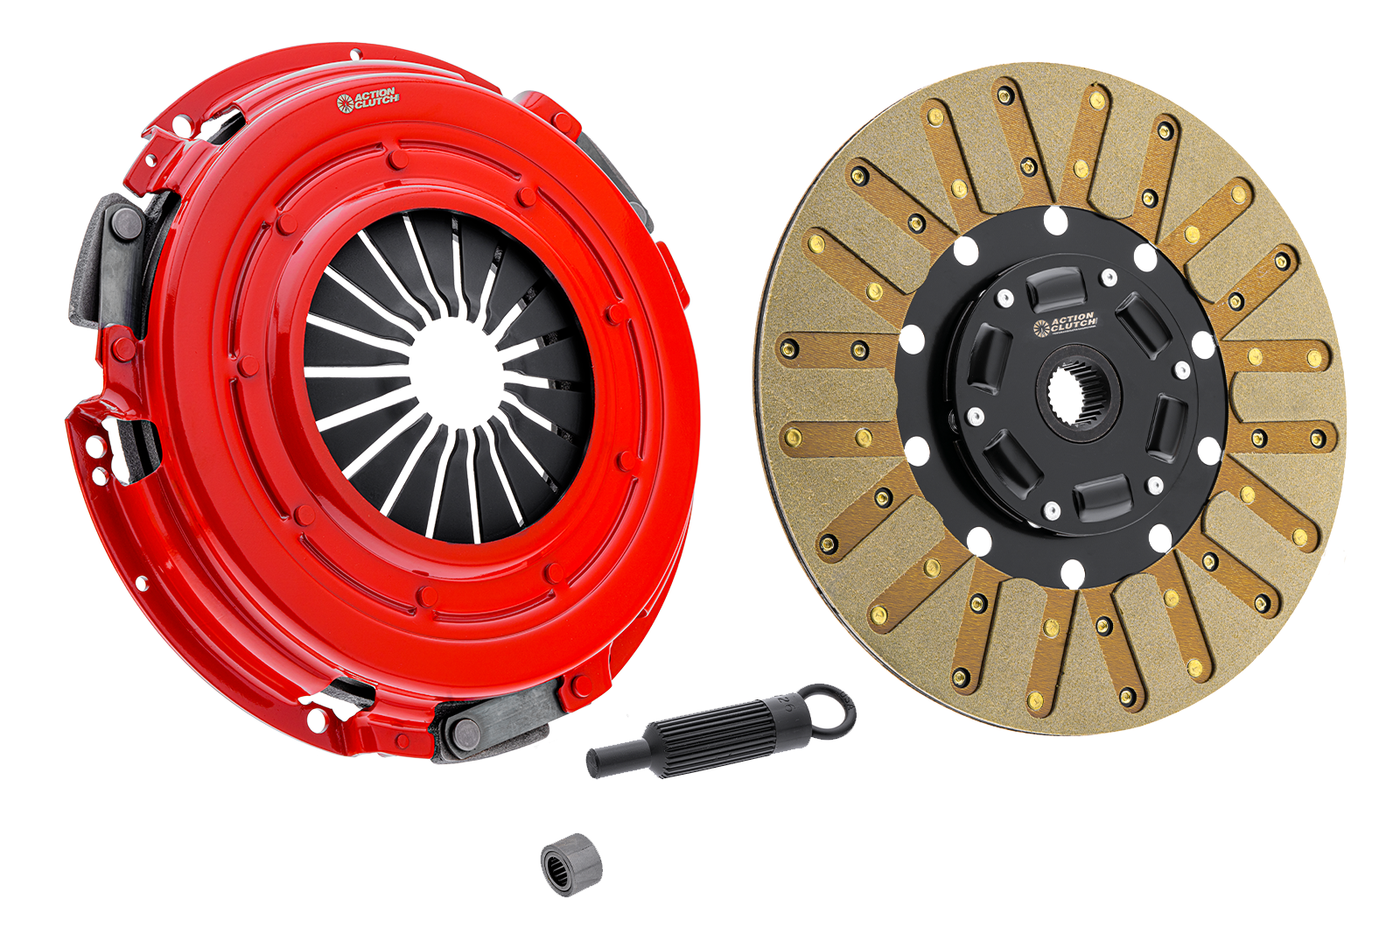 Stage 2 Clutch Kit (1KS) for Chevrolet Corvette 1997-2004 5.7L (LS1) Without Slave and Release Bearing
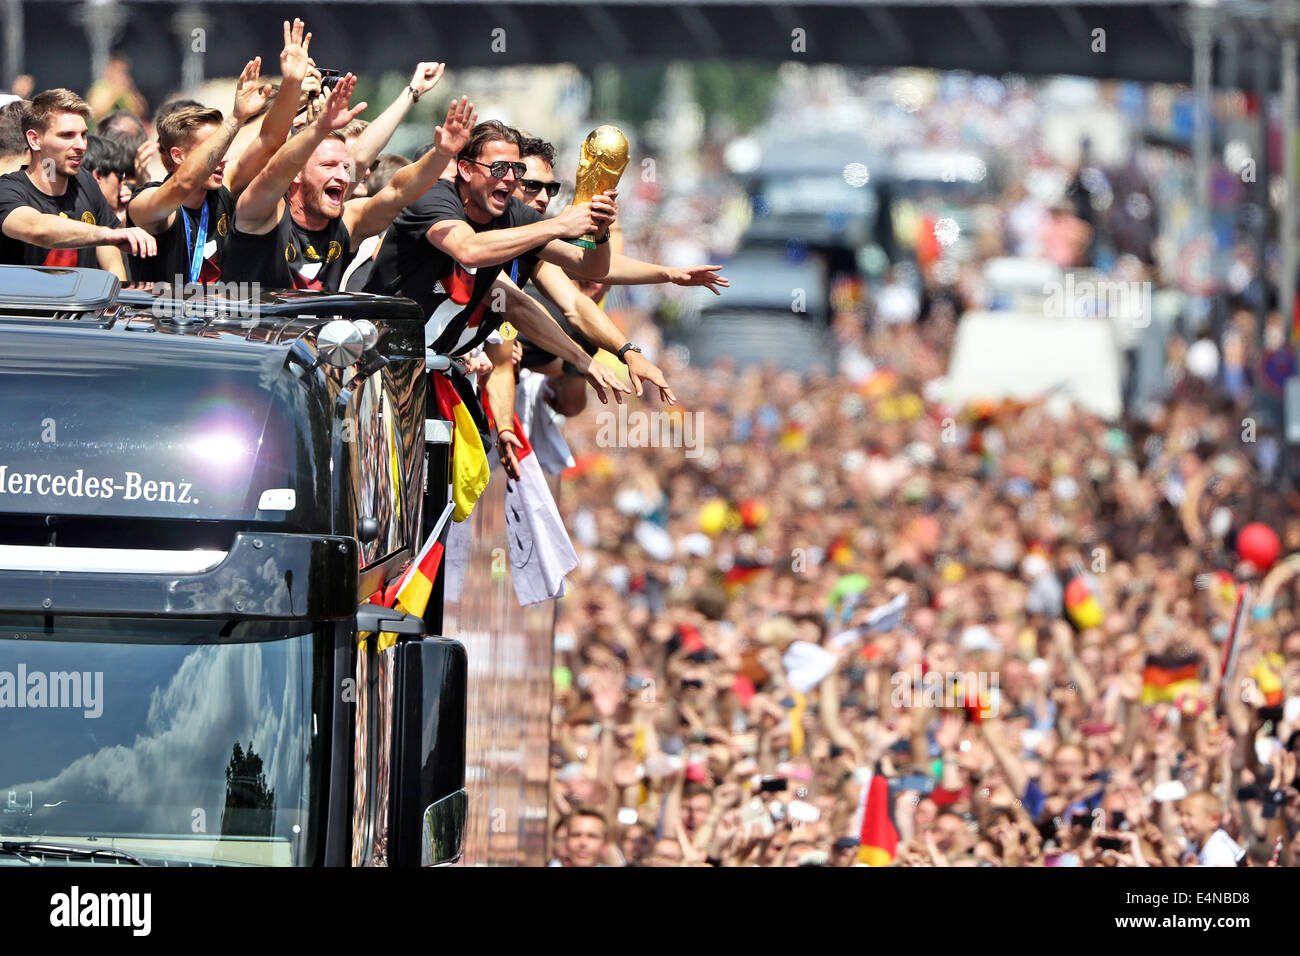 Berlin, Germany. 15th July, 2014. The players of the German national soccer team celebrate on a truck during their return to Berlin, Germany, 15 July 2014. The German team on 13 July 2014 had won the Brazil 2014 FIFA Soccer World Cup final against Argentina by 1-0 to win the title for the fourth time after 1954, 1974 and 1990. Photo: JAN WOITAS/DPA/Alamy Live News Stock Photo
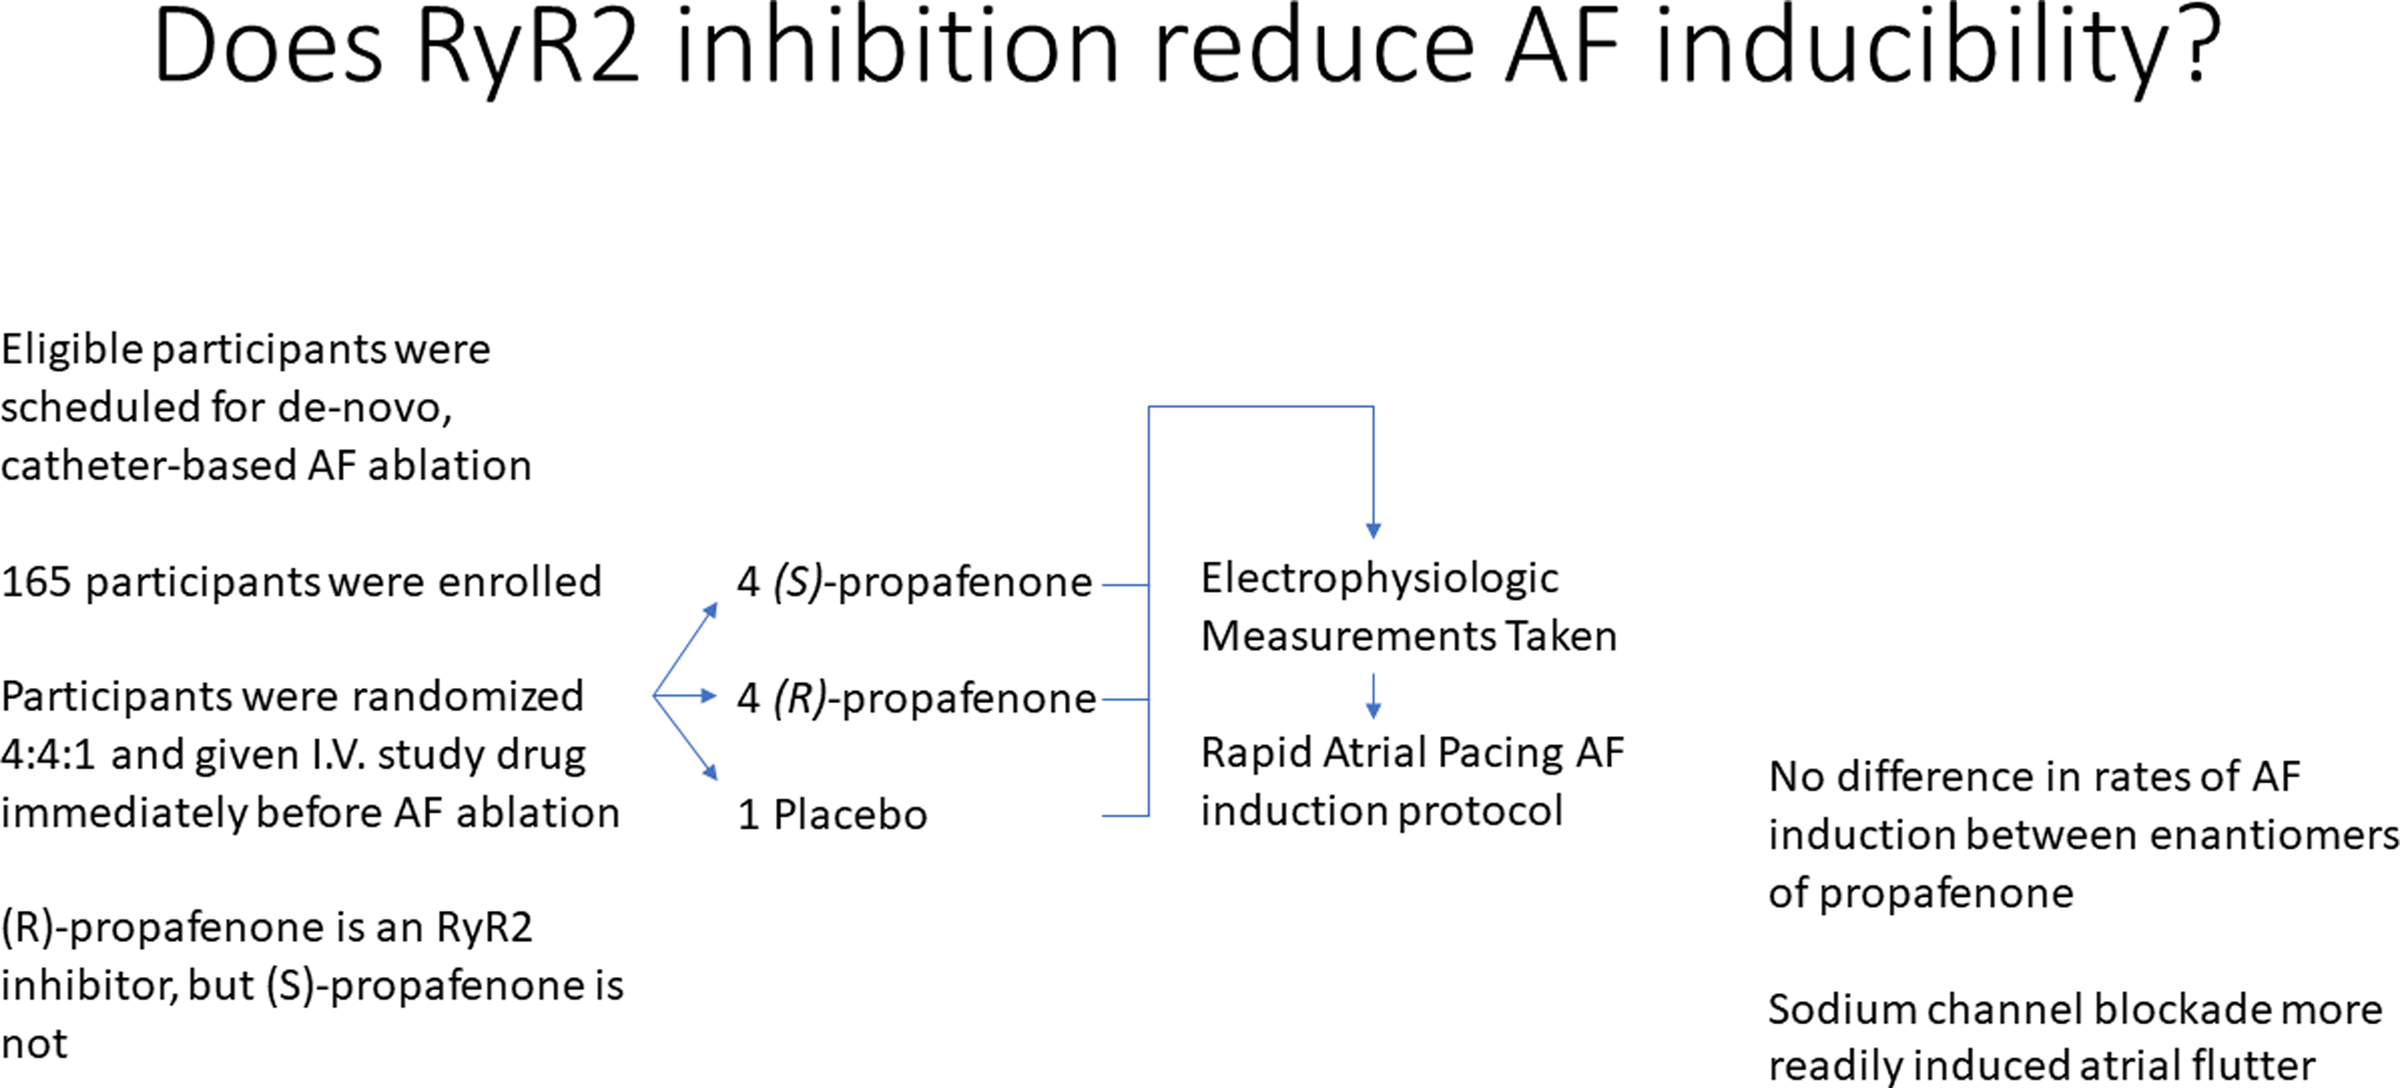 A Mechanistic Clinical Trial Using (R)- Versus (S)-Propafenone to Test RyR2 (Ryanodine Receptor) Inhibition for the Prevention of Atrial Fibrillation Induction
■ ■ ■ ■ ■ ■ ■
Exercise aim
Quote precisely the lines of the data from the line containing "Berlin, Germany. 15th" through its final line, both included, excluding pictures.

Response below
 Berlin, Germany. 15th July, 2014. The players of the German national soccer team celebrate on a truck during their return to Berlin, Germany, 15 July 2014. The German team on 13 July 2014 had won the Brazil 2014 FIFA Soccer World Cup final against Argentina by 1-0 to win the title for the fourth time after 1954, 1974 and 1990. Photo: JAN WOITAS/DPA/Alamy Live News Stock Photo
 A Mechanistic Clinical Trial Using (R)- Versus (S)-Propafenone to Test RyR2 (Ryanodine Receptor) Inhibition for the Prevention of Atrial Fibrillation Induction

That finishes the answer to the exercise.